Probate genealogists have to purchase BMD certificates in order to track down potential beneficiaries of intestate estates. Generally, the cost of these and all other operational overheads are recovered within the contingency fee that the successful researcher receives, which is usually a percentage of the beneficiary’s share of the estate.
However, all too often we encounter situations where beneficiaries are effectively paying twice for the same certificates – once through their contingency fee and once again when the administering practitioner reimburses the researcher out of estate funds for BMD certificates and other costs.
Of course, any payment made out of the estate reduces the amount that the beneficiaries themselves receive.
Unfortunately, this seems to have become standard practice with some probate research firms, as well as with many small time heir hunters.
Limited power of attorney
Increasingly, we see individual heir hunters administering estates themselves through a limited power of attorney – despite having no qualifications or professional experience in this area. When you take a close look at the estate accounts that they draw up you’ll find that they tend to reimburse themselves very generously.
Whether it’s individual heir hunters reimbursing themselves, or authorised practitioners reimbursing probate research firms, the charge usually appears in estate accounts as “the cost of administrator’s certificates” or something similar, and relates to BMD certificates that the company or individual heir hunter originally purchased in order to research the deceased’s family and then used to prove the beneficiaries’ entitlement to a share in the estate.
Let’s pause for a minute and remember that when a beneficiary signs a finder’s fee or a percentage fee agreement, they are paying for the researcher’s work in locating them, and for future work in presenting their case for kinship to whichever authority may be acting as a custodian of the estate at the time.
The fundamental building block of this work is BMD certificates.
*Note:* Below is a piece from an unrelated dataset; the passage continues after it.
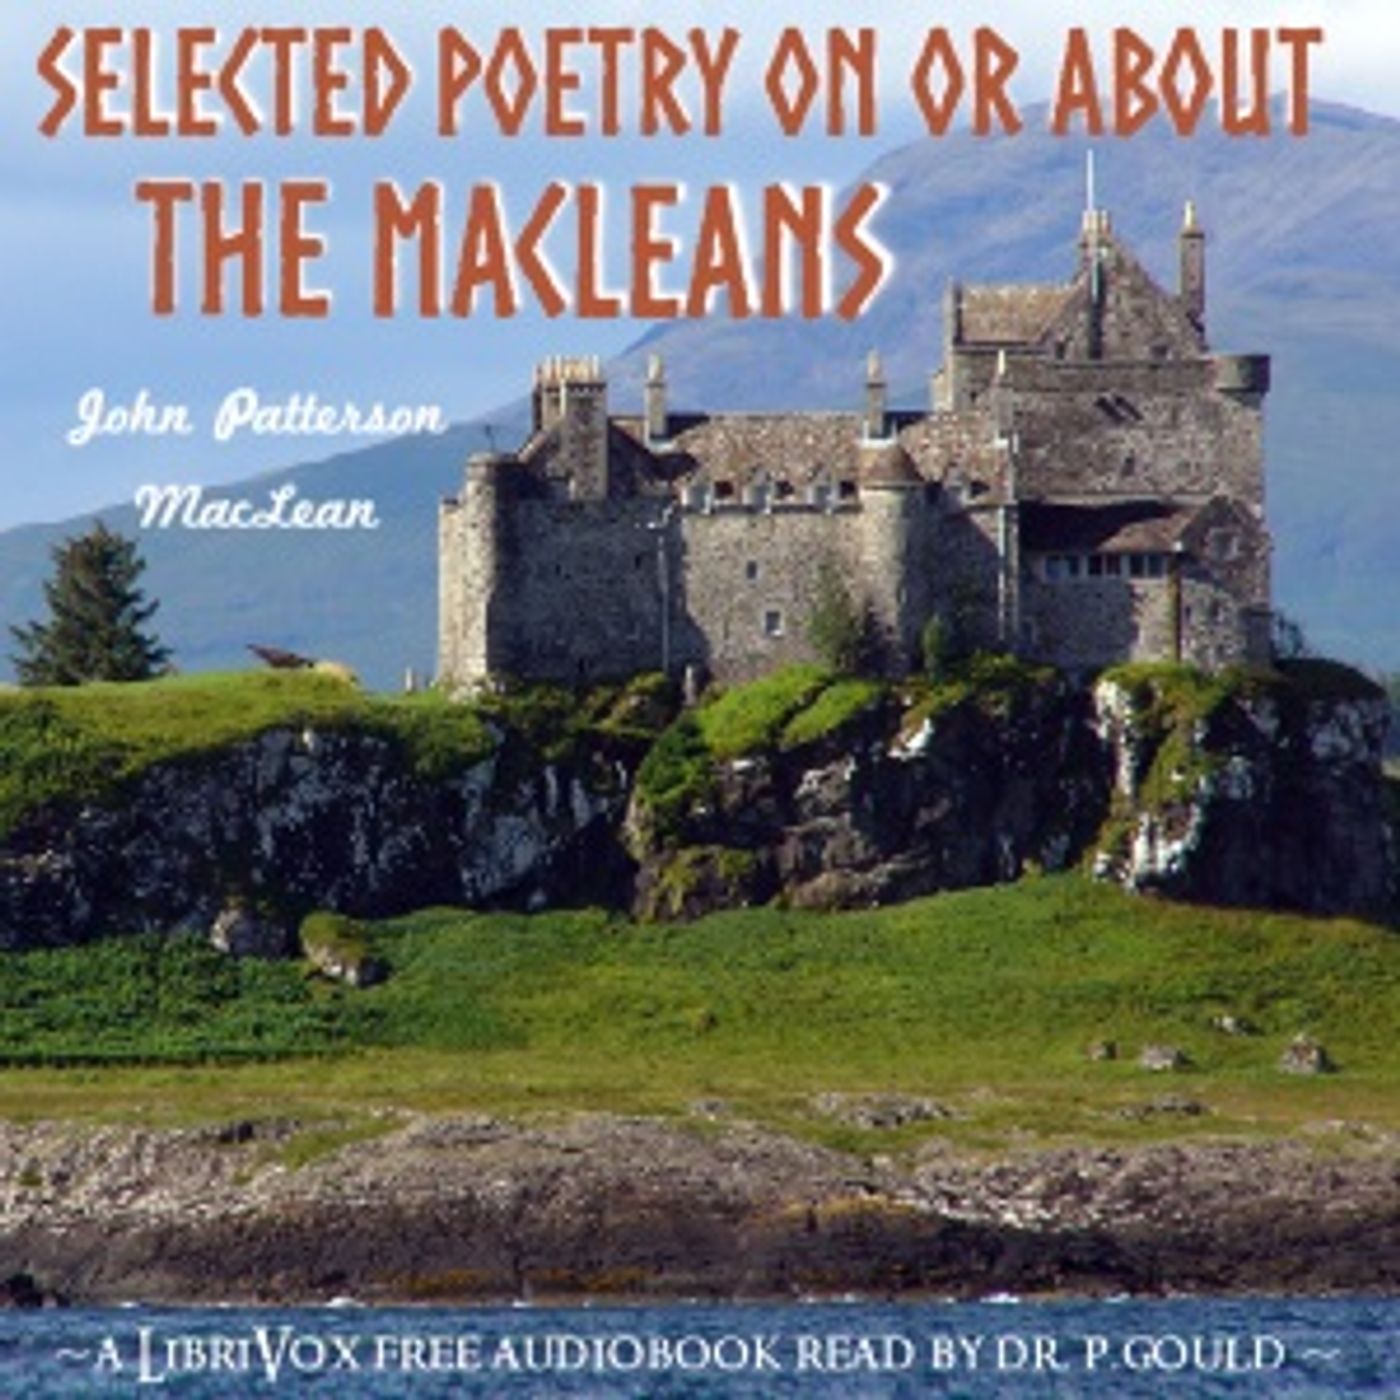 Selected Poetry on or about the MacLeans by John Patterson MacLean (1848 – 1939)

If beneficiaries are paying for certificates twice then something is going wrong.
Charges add up
Bear in mind that these are not negligible sums. The standard service for one BMD certificate is £9.25. With the frequently employed next-day service, this increases to £23.40 per certificate. You don’t have to extend far into a family tree for this to add up. I have seen up to £400 reclaimed on some estates and doubtless there will have been even higher sums unjustifiably clawed back.
This is something we at Anglia Research always aim to challenge on behalf of clients when we encounter it. When probate researchers are already benefiting from a percentage fee agreement, the cost of certificates is very rarely a legitimate estate expense that they can recover.
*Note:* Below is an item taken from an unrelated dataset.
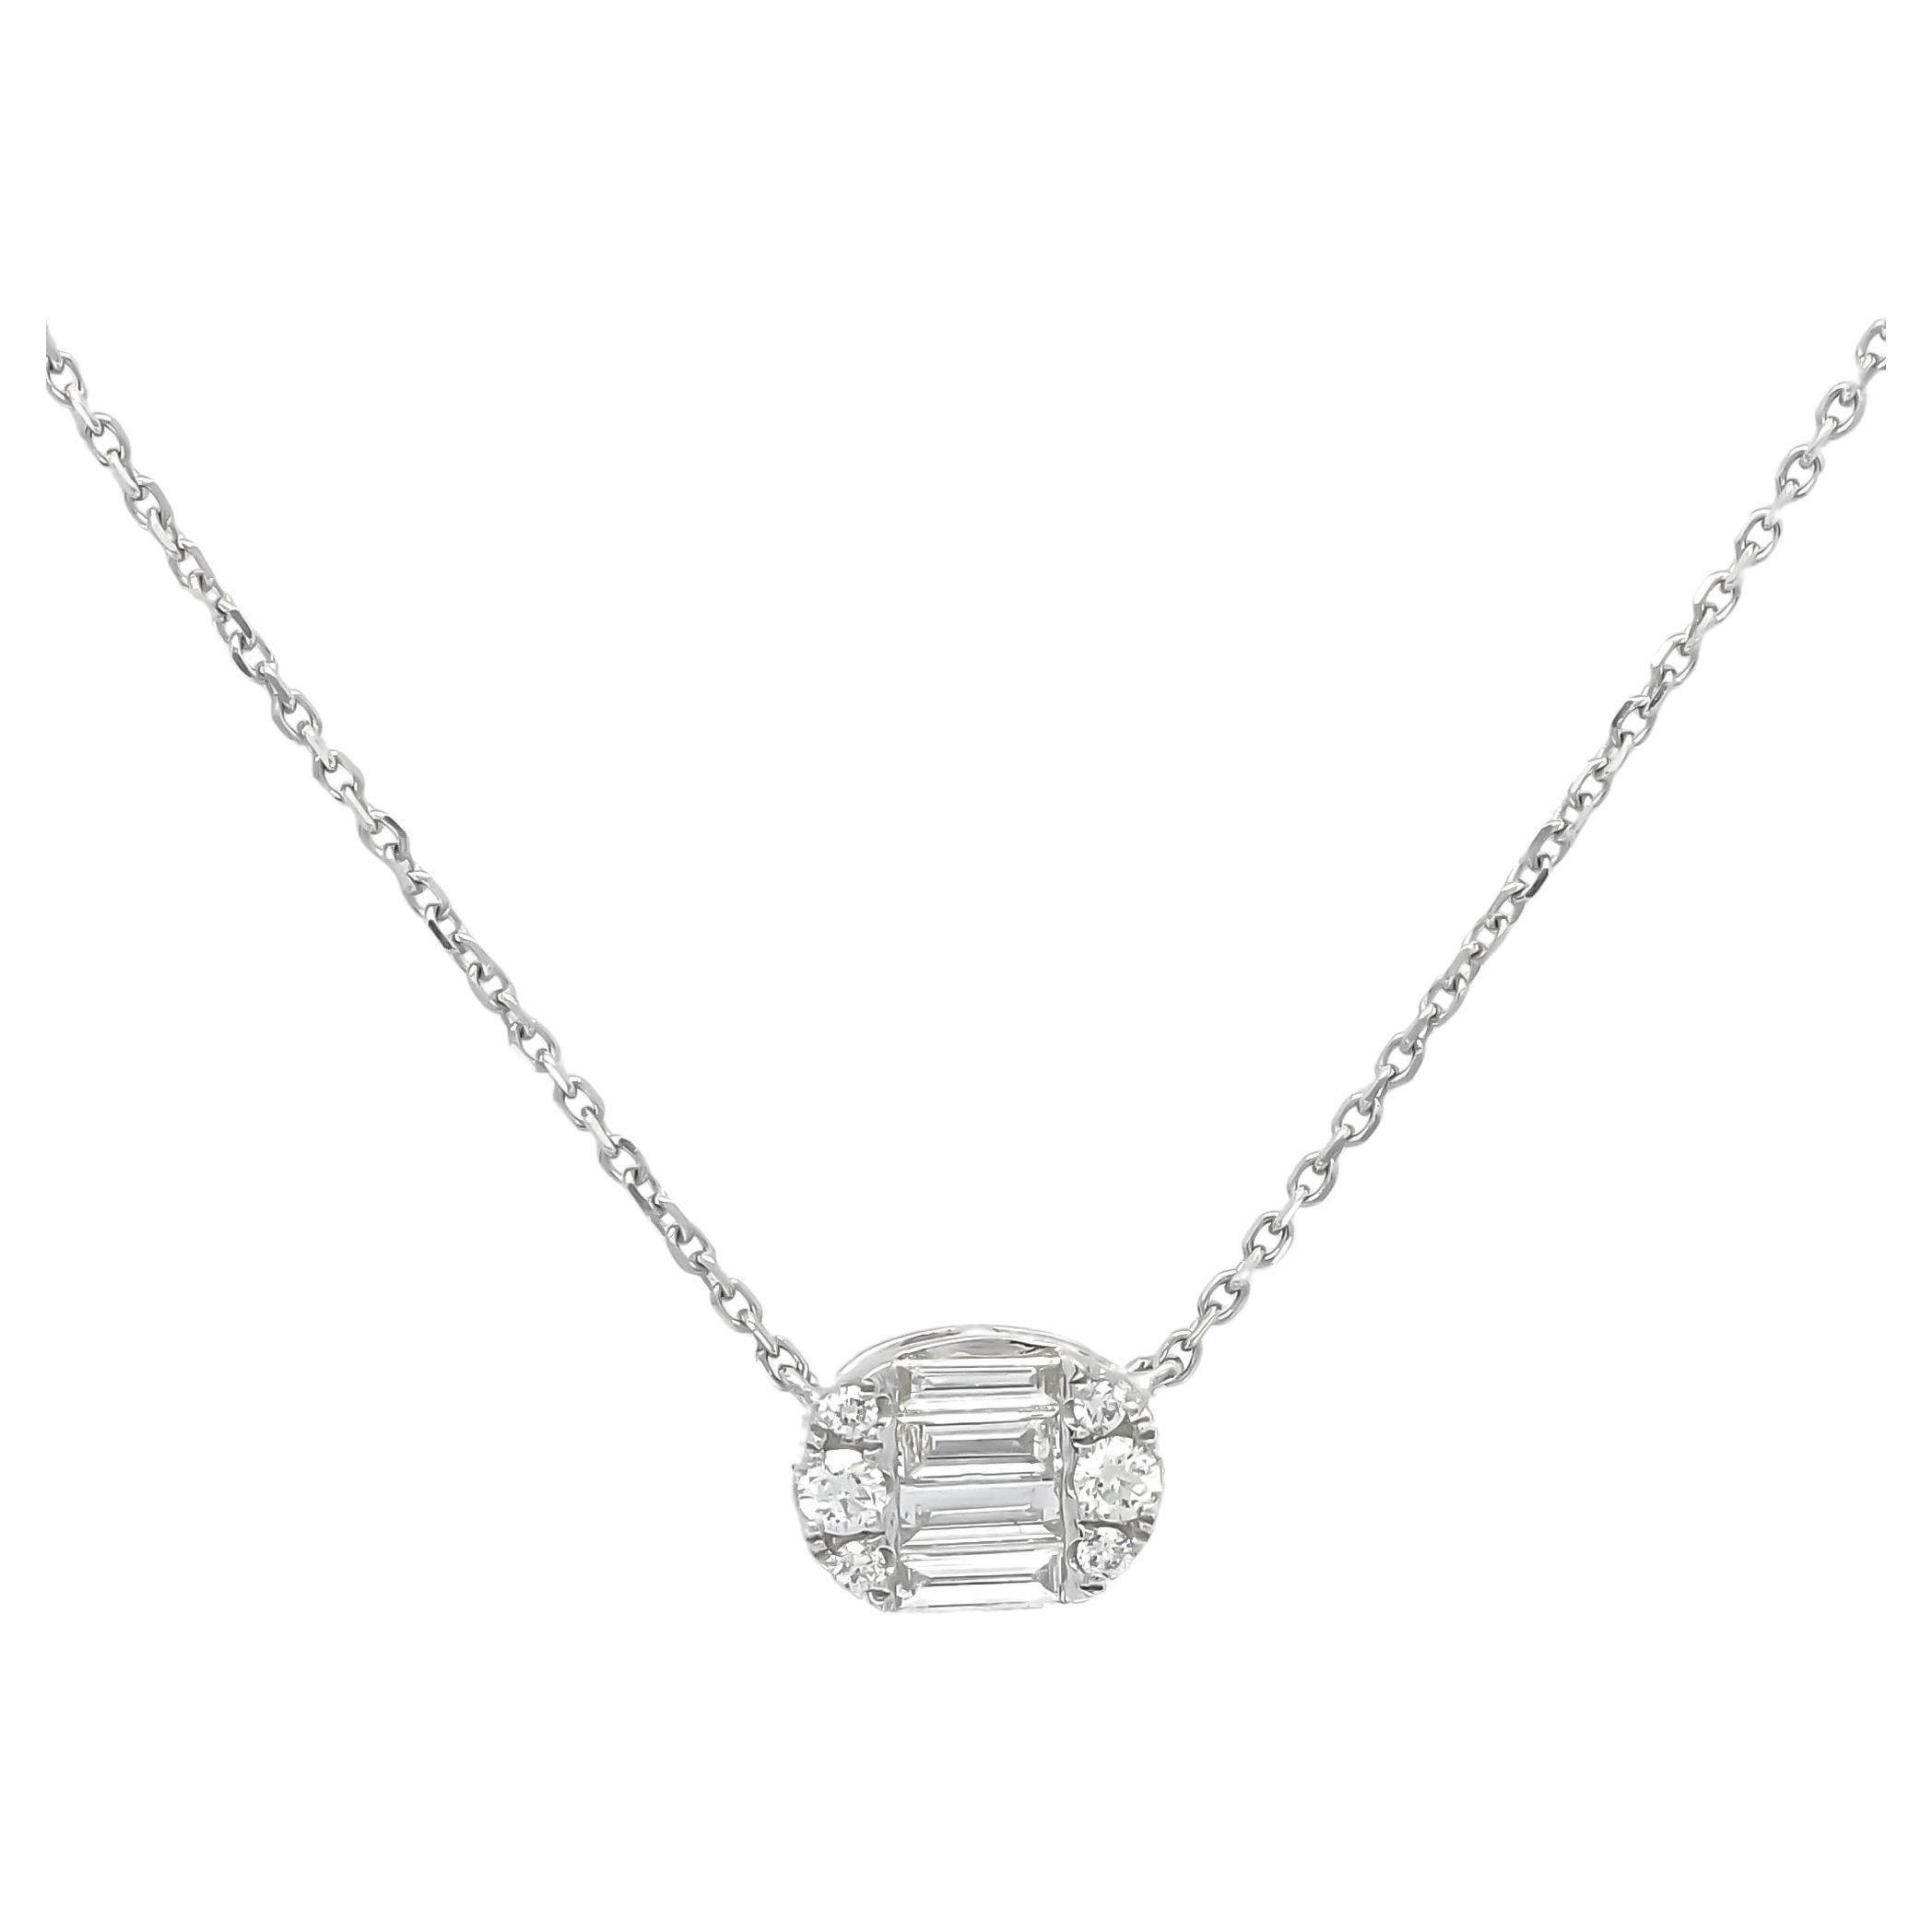 Natural Diamond Pendant 0.40 cts 18KT White Gold Oval Shape Chain Necklace

I do worry that some solicitors and other practitioners are misled into making these payments. I have encountered several who insist, against all evidence, that the cost of obtaining certificates in order to establish a kinship claim in a bona vacantia case is a legitimate disbursement which the researcher can later recover from the estate. One wonders what on earth they think contingency fees pay for.
In one recent example, a well-publicised heir hunter company actually had a contribution to the costs of its various database subscriptions paid by the administering law firm out of estate funds.
In other words, the estate was paying for the overheads of the heir hunter’s business.
The company in question was also refunded the costs of certificates and wills that had been obtained during the course of its speculative research. This was all in addition to the rather generous finder’s fee that had been negotiated with each entitled relative.
It is doubtful that such unquestioning largesse on the part of the practitioner would withstand scrutiny if it were to come to the attention of regulators.
In law, I believe, it is clear that when a company works under its own initiative, and negotiates a finder's fee, these charges should not be reimbursed. As adviser to the personal representative (PR), a lawyer or accountant should inform the PR of this. By neglecting to do so, and instead masking these reimbursements within a long list of liabilities and outgoings which the PR invariably ‘approves’, they are potentially leaving their clients open to litigation.
Anglia Research is one of the few probate research companies that does not employ this method of double charging.
I can state categorically that when beneficiaries sign a finder’s fee agreement with us, the fees set out in the agreement are the only fees we will ever ask them to pay for locating them and pursuing their claim. There are no hidden costs and we will not charge twice for the same service.
We encourage other reputable firms to make the same guarantee.